🤖 AI Summary
This work investigates the feasibility and fidelity of large-scale text-to-video (T2V) and image-to-video (I2V) models as simulators for multi-pedestrian trajectory generation. Addressing the lack of standardized evaluation, we propose the first systematic benchmark: a densely annotated crowd prompt set, enabling bird’s-eye-view 2D trajectory reconstruction from generated videos—without camera calibration—and alignment with ground-truth trajectories at the initial frame. Experiments reveal that state-of-the-art models implicitly capture plausible multi-agent interaction priors, producing intuitive dynamics such as collision avoidance and following. However, structural failures persist, including person merging, abrupt appearance/disappearance, and spatial inconsistency. Our study is the first to empirically validate video diffusion models for crowd behavior simulation, establishing a reproducible, trajectory-based evaluation framework. This benchmark bridges generative modeling and behavioral simulation, offering a novel pathway toward improving physical plausibility and social coherence in video generation.
📝 Abstract
Large-scale video generation models have demonstrated high visual realism in diverse contexts, spurring interest in their potential as general-purpose world simulators. Existing benchmarks focus on individual subjects rather than scenes with multiple interacting people.
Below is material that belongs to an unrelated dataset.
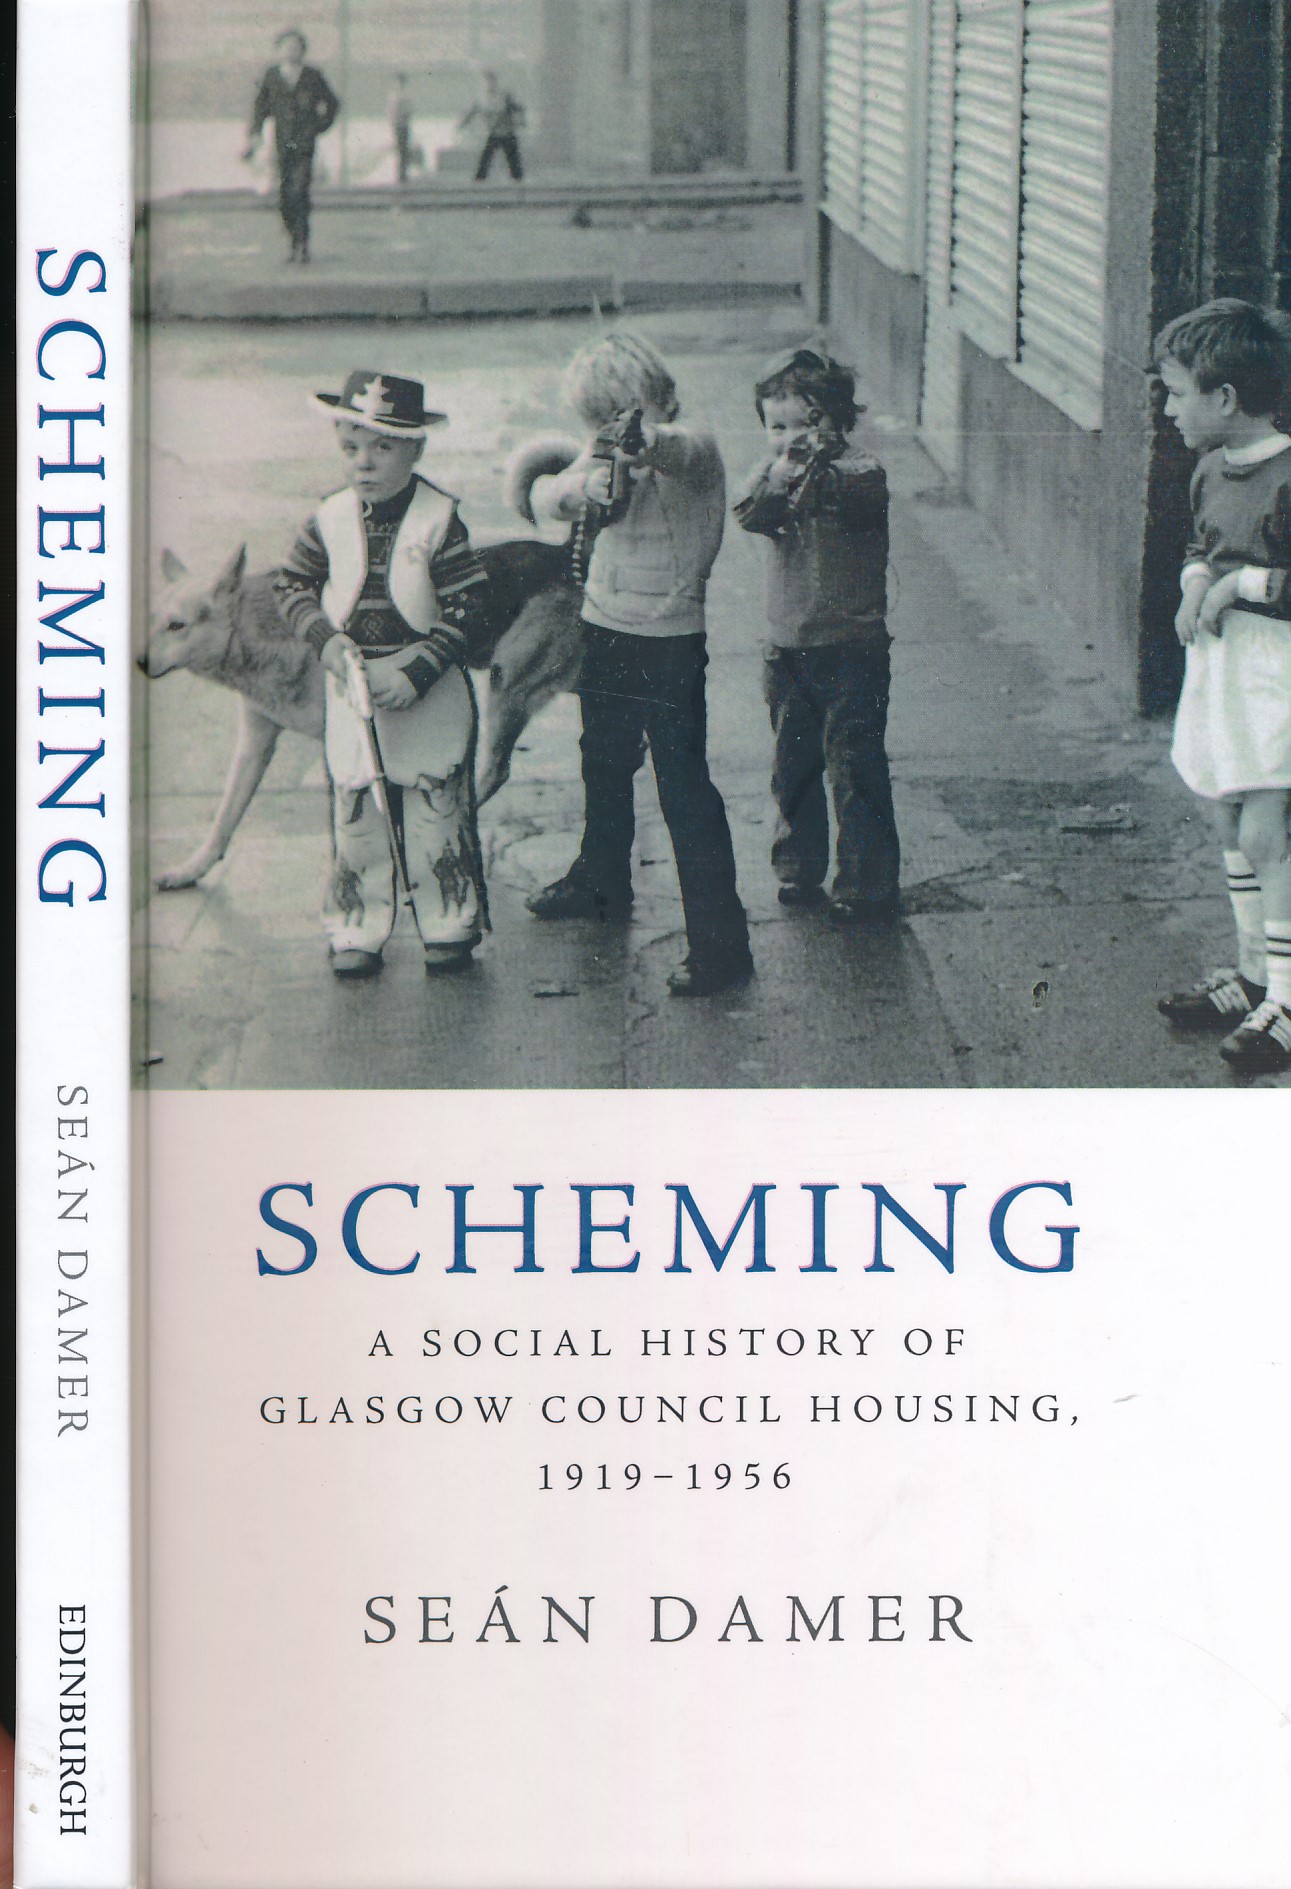 Scheming. A Social History of Glasgow Council Housing 1919 - 1956

However, the plausibility of multi-agent dynamics in generated videos remains unverified. We propose a rigorous evaluation protocol to benchmark text-to-video (T2V) and image-to-video (I2V) models as implicit simulators of pedestrian dynamics. For I2V, we leverage start frames from established datasets to enable comparison with a ground truth video dataset. For T2V, we develop a prompt suite to explore diverse pedestrian densities and interactions. A key component is a method to reconstruct 2D bird's-eye view trajectories from pixel-space without known camera parameters. Our analysis reveals that leading models have learned surprisingly effective priors for plausible multi-agent behavior. However, failure modes like merging and disappearing people highlight areas for future improvement.